SOURCE MATERIAL Block Start

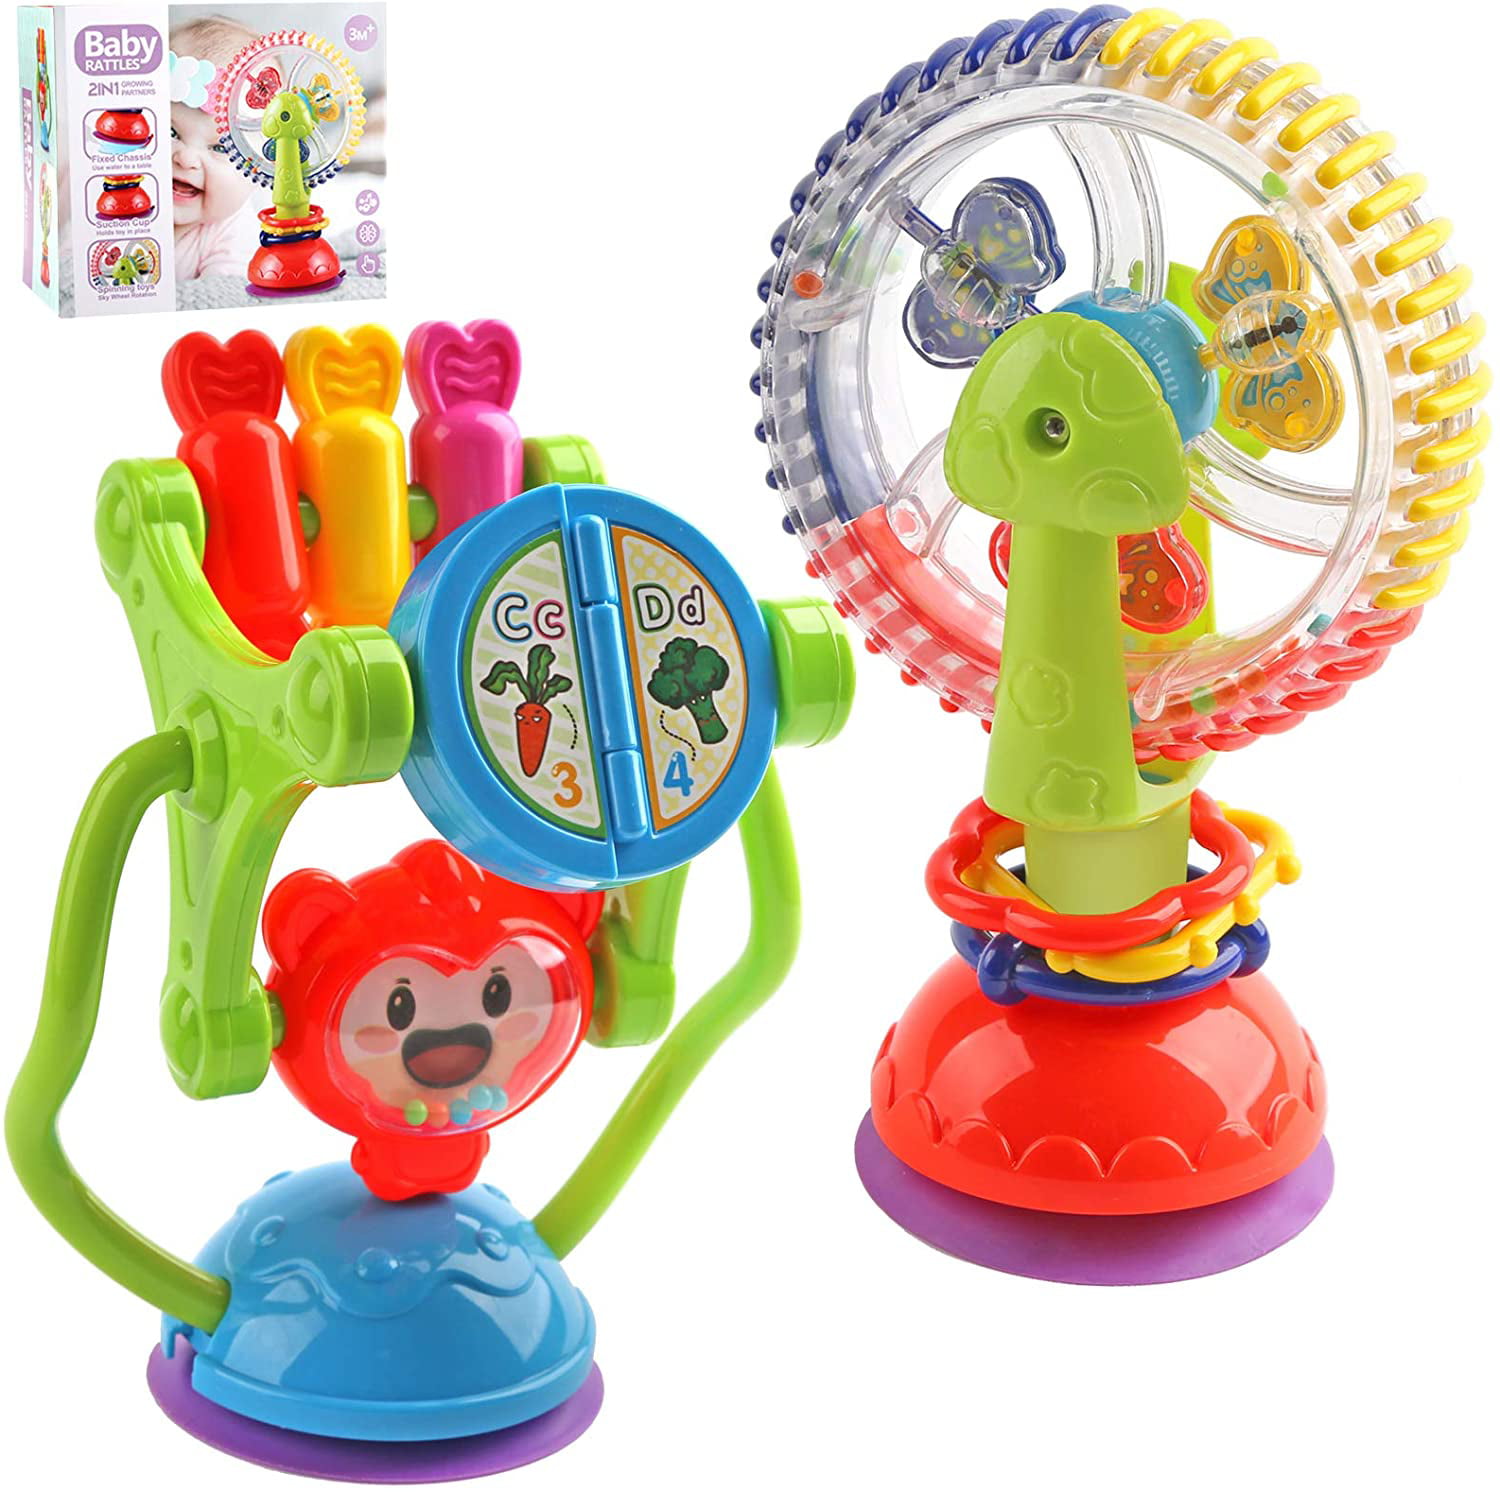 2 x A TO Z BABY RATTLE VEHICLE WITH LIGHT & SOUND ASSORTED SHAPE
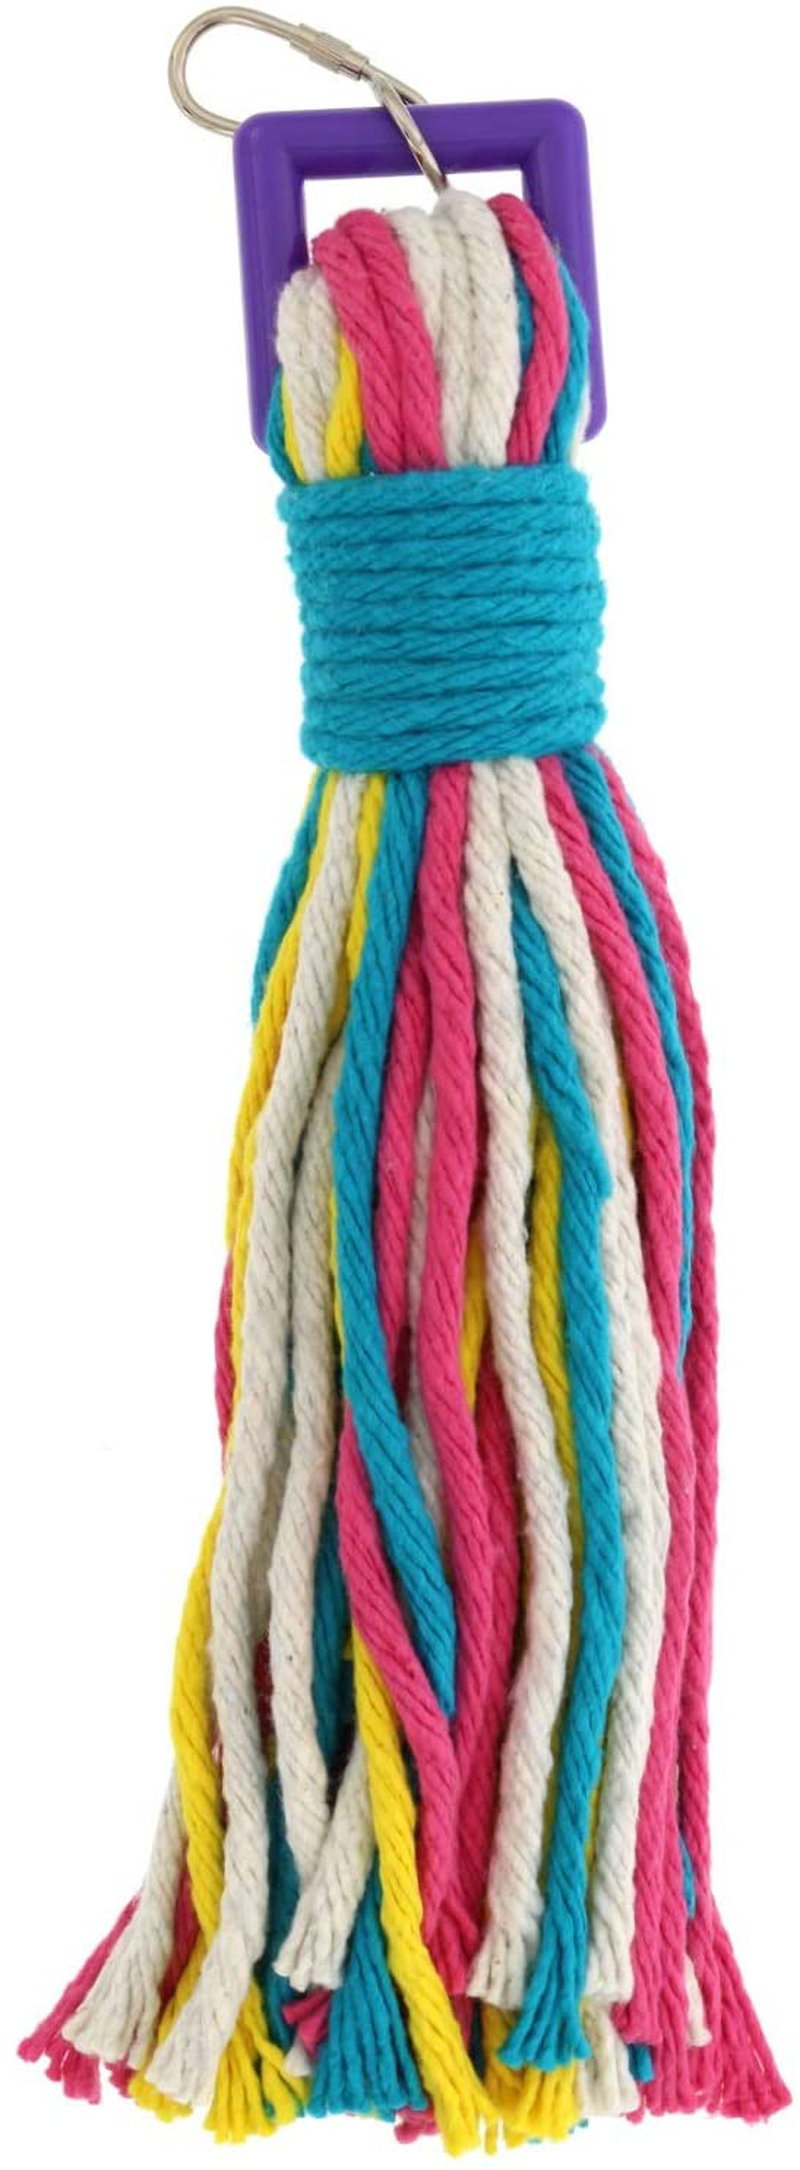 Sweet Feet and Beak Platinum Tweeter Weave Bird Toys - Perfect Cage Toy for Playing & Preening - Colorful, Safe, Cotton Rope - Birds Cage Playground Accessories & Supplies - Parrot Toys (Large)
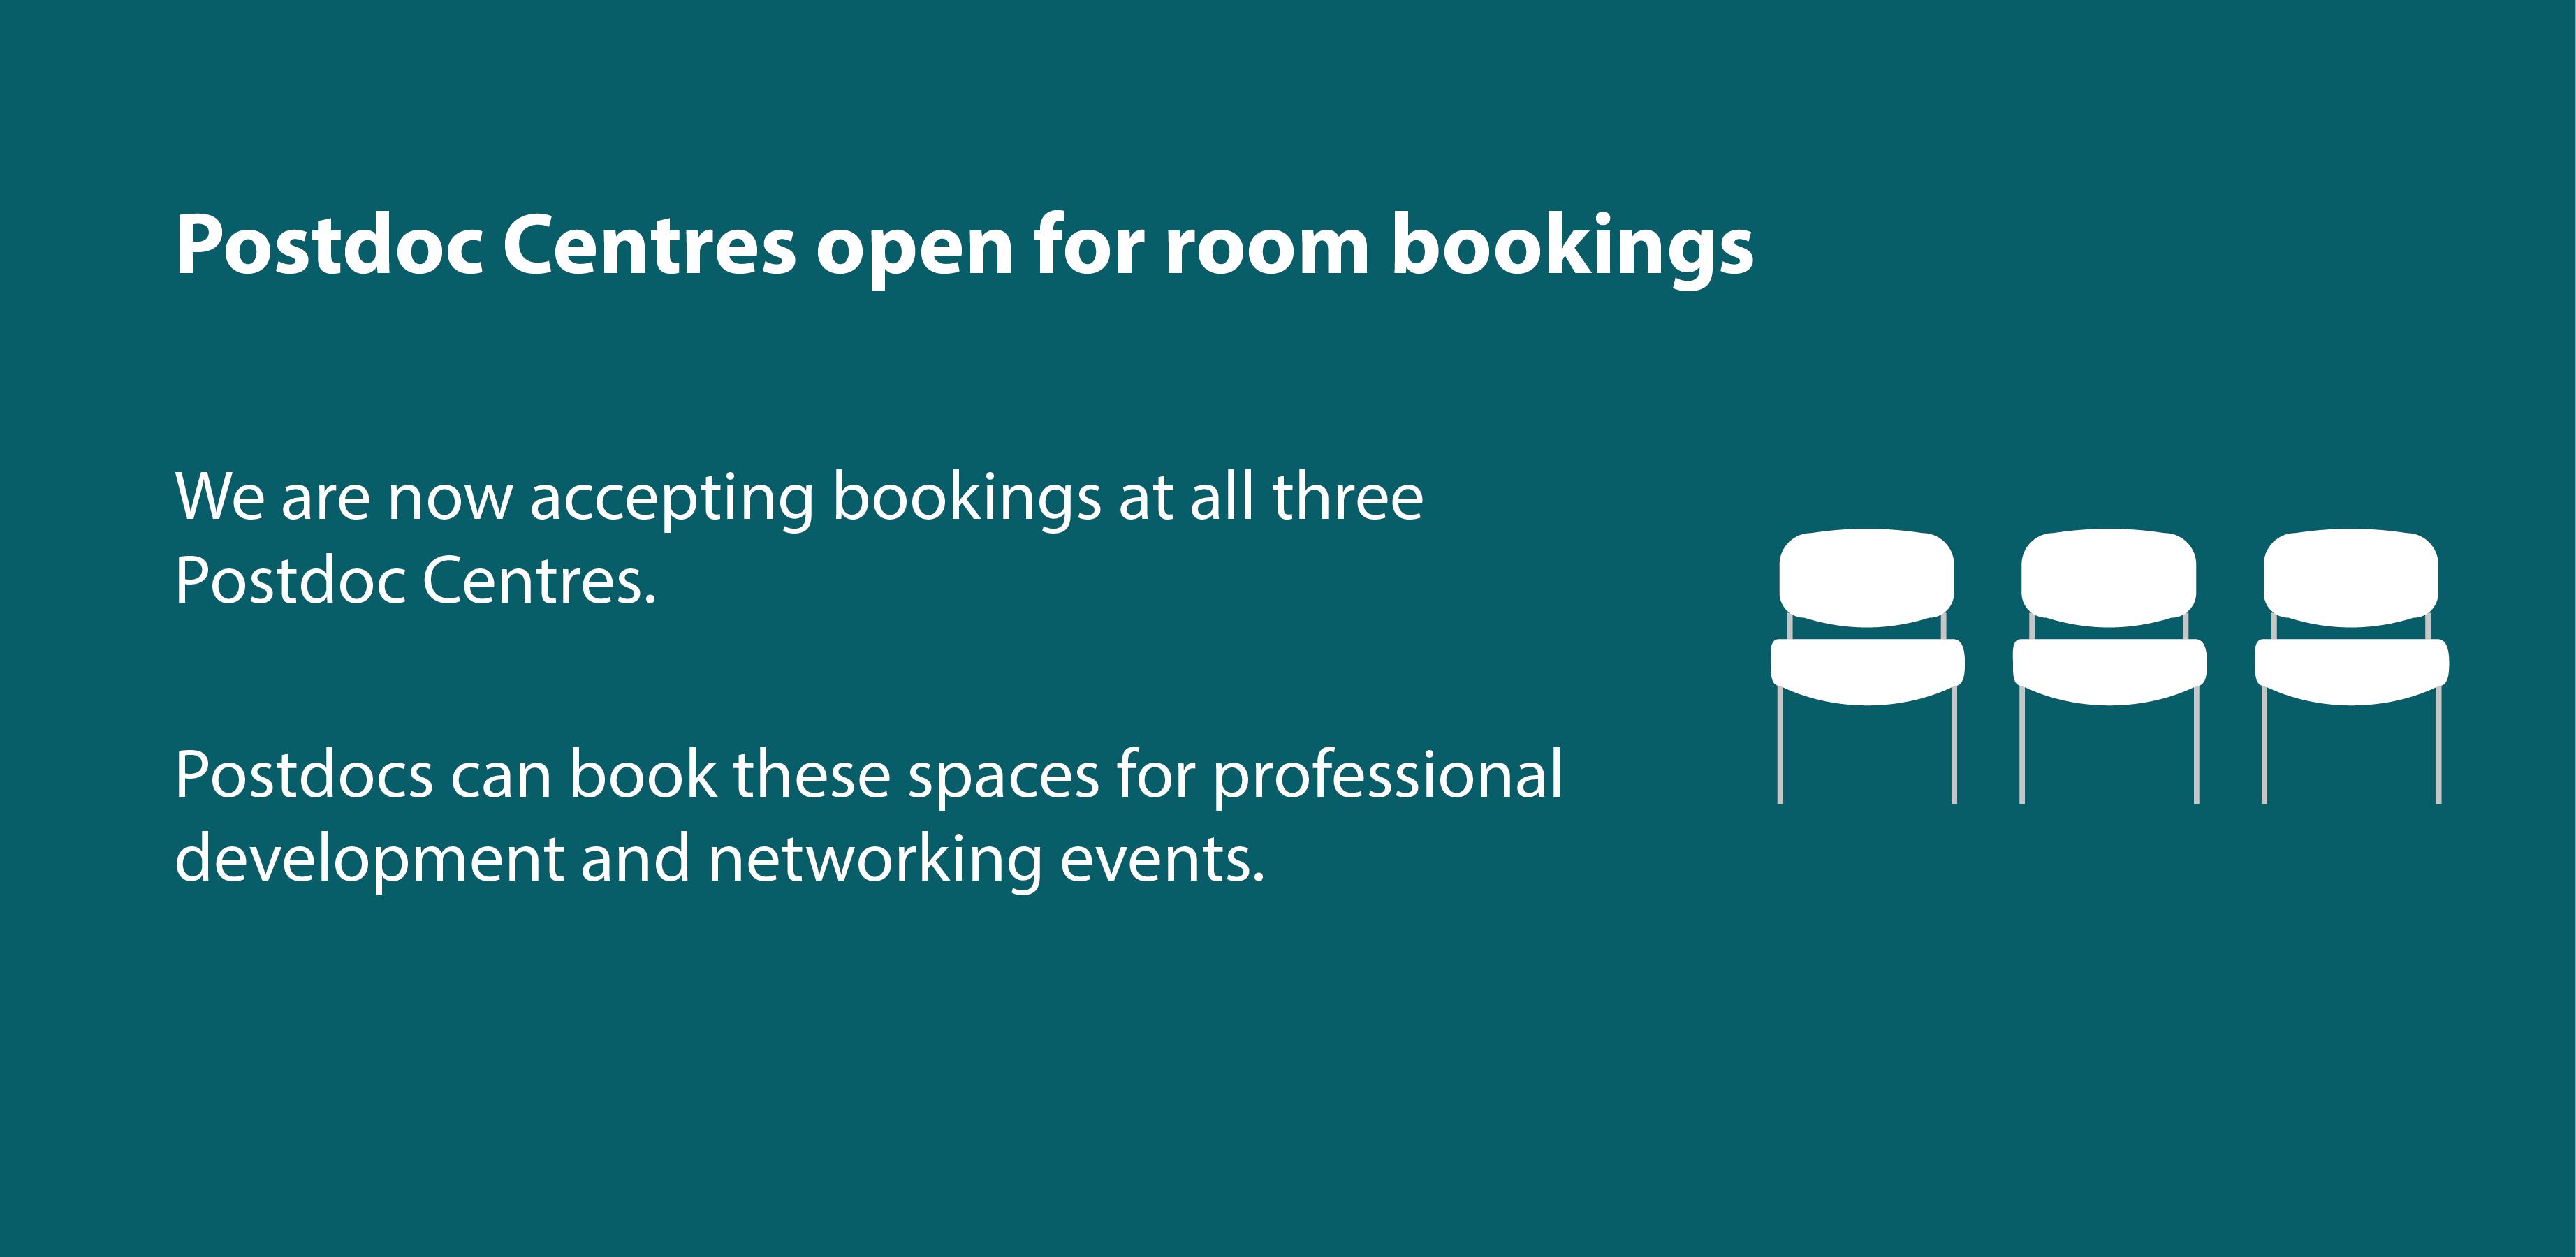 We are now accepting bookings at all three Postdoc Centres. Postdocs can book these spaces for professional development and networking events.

SOURCE MATERIAL Block End

What is needed is a word-for-word copy of the data, minus its pictures.

 2 x A TO Z BABY RATTLE VEHICLE WITH LIGHT & SOUND ASSORTED SHAPE
 Sweet Feet and Beak Platinum Tweeter Weave Bird Toys - Perfect Cage Toy for Playing & Preening - Colorful, Safe, Cotton Rope - Birds Cage Playground Accessories & Supplies - Parrot Toys (Large)
 We are now accepting bookings at all three Postdoc Centres. Postdocs can book these spaces for professional development and networking events.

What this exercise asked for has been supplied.